Citing a classic example of how political unrest can affect international Business, Burberry, the British retailer, famous for its trench coats and cashmere scarves, recorded a sharp drop in sale in the first quarters owing to a slack Hong Kong Market. The company said that the sharp fall in revenue for the company from Hong Kong was a direct result of reluctance of the Chinese to travel to a trouble prone Hong Kong and even face local anger.

There was a prolonged pro democracy protests in Hong Kong earlier this year as the residents demanded more autonomy and freedom from Beijing. The protest that often took violent turns resulted in many of the local and foreign retailers suffering business losses. The British group was no exception. Reports of the company say that the slump in business and trading following the protest never really picked up since lesser number of people from the mainland of China came to Hong Kong to purchase luxury products that previously. Moreover a strong Chinese currency encouraged the Chinese travellers and luxury shoppers to travel to other destinations such as Japan and South Korea.

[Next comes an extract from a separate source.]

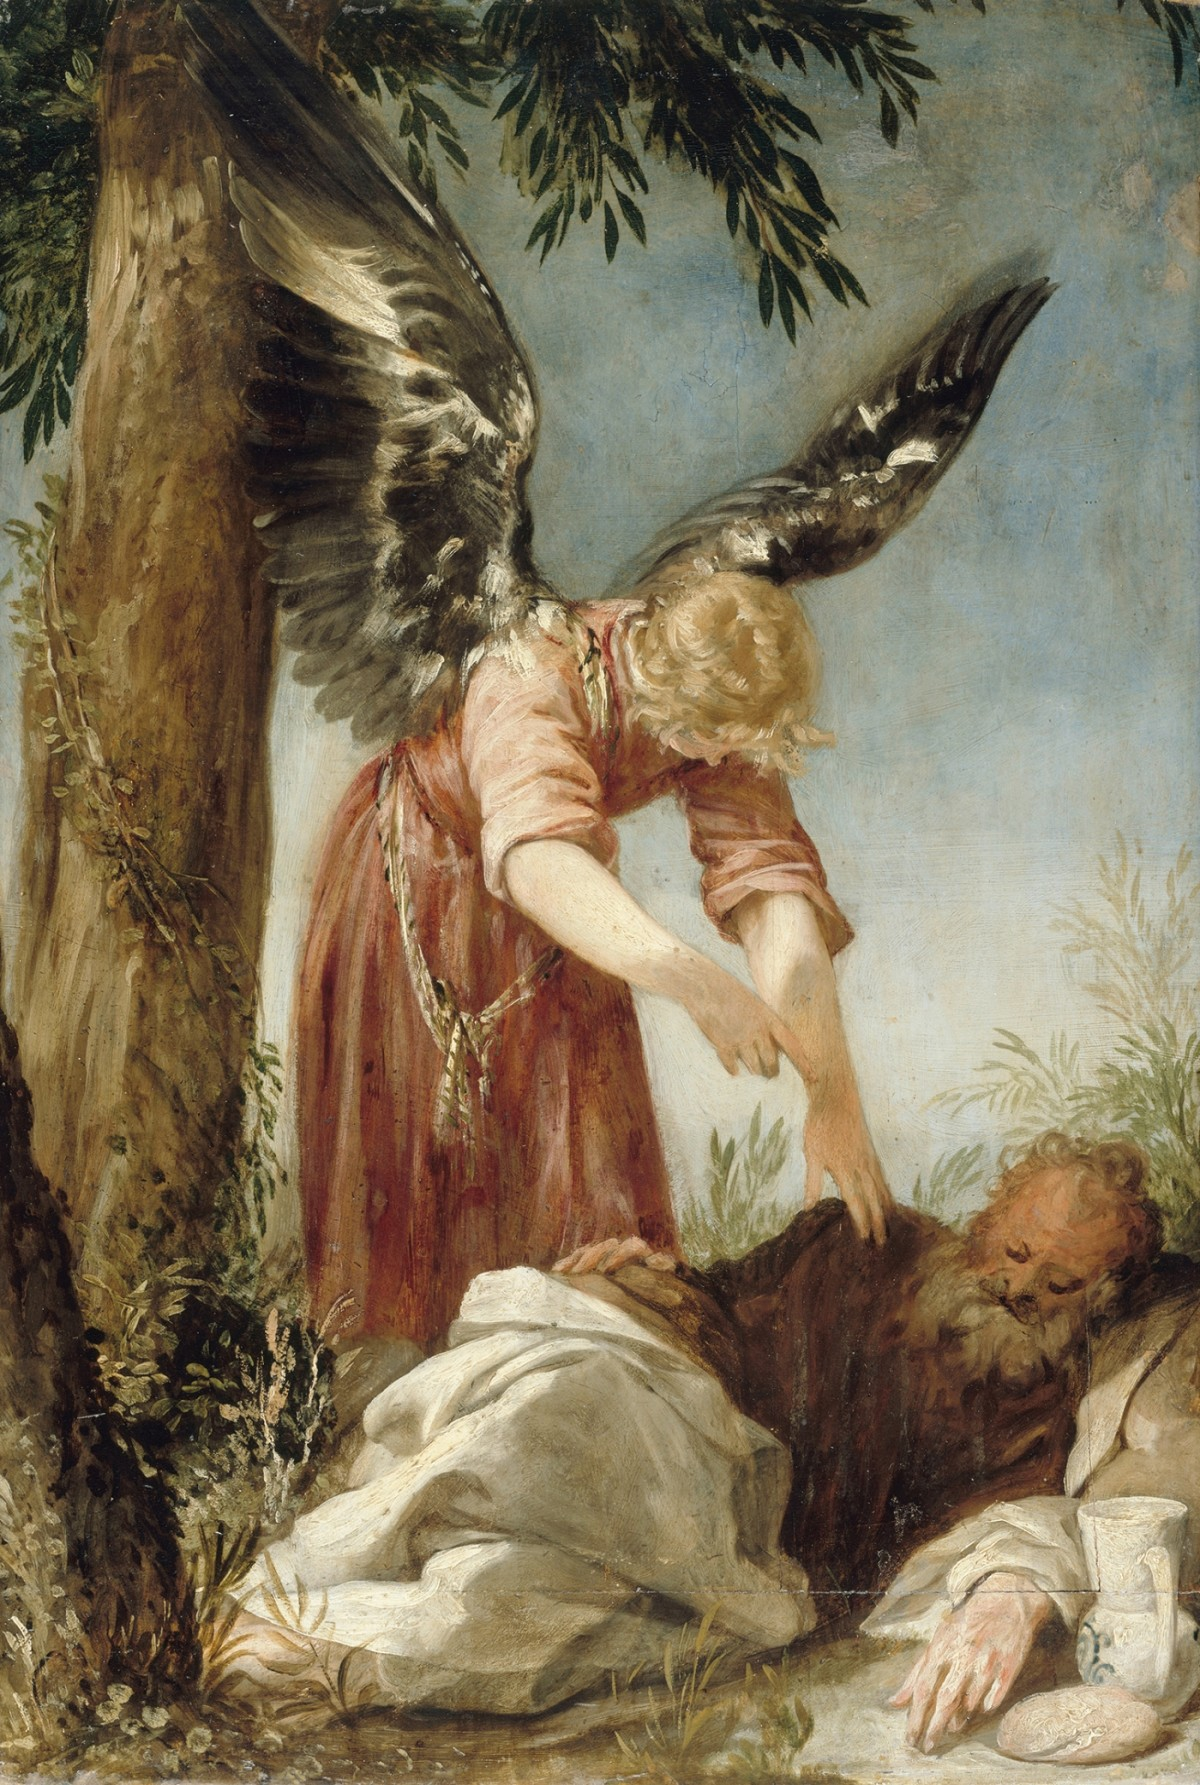 Juan Antonio de Frias y Escalante: Der Engel erweckt den Propheten Elias in der Wüste, um 1650/60, © Staatliche Museen zu Berlin, Gemäldegalerie (Foto: Jörg P. Anders)

In the first quarter of this year, Burberry recorded a double digit fall in sale in Hong Kong compared to last year, said company communication on Wednesday.  The overall retail sales growth of the group fell from 14 percent in the last fiscal to 8 percent in the first quarter of 2015-2016. The drop in sale has been primarily accorded to the dramatic drop in sale in the Asia Pacific region coupled with a deceleration of double-digits in Hong Kong. However the results were in line with the forecast for the sales by experts keeping in mind the political unrest in Hong Kong.

The high margin market of Hong Kong was one of the critical factors that made the company announce a guidance of an increase of about £10 million in retail and wholesale profits.  However the diverse geographic mix of Burberry’s market could offset the guidance particularly due to the slow progress in Hong Kong.  

The first quarter saw the company clock double-digit growth in Europe, Middle East, India and Africa as sale rose by 6 percent. The comparable growth year to end-March was 9 percent.
China too proved to be bad for the company in the first quarter as the Chinese market grew by a low single-digit percentage compared to the same period last year. .
For the group as a whole, the retail sale revenue in the first quarter increased by 8% underlying and 10% at reported currency rates to touch £407 million while the figure was £370 million for a corresponding period last year.
Commenting on the first quarter results, the group indicated that profit before tax for the full year would be more dependent on the second and third quarter performance. Last year the group had made 67 percent of its profits in the second half of the year.
The overall growth of the group was prompted by good show in the markets of France, Italy and Spain coupled with high single-digit percentage comparable growth in the United States. The digital platform, particularly the mobile, also helped the group drive up sale even as demand for heritage trench coats and scarves outperformed other product categories.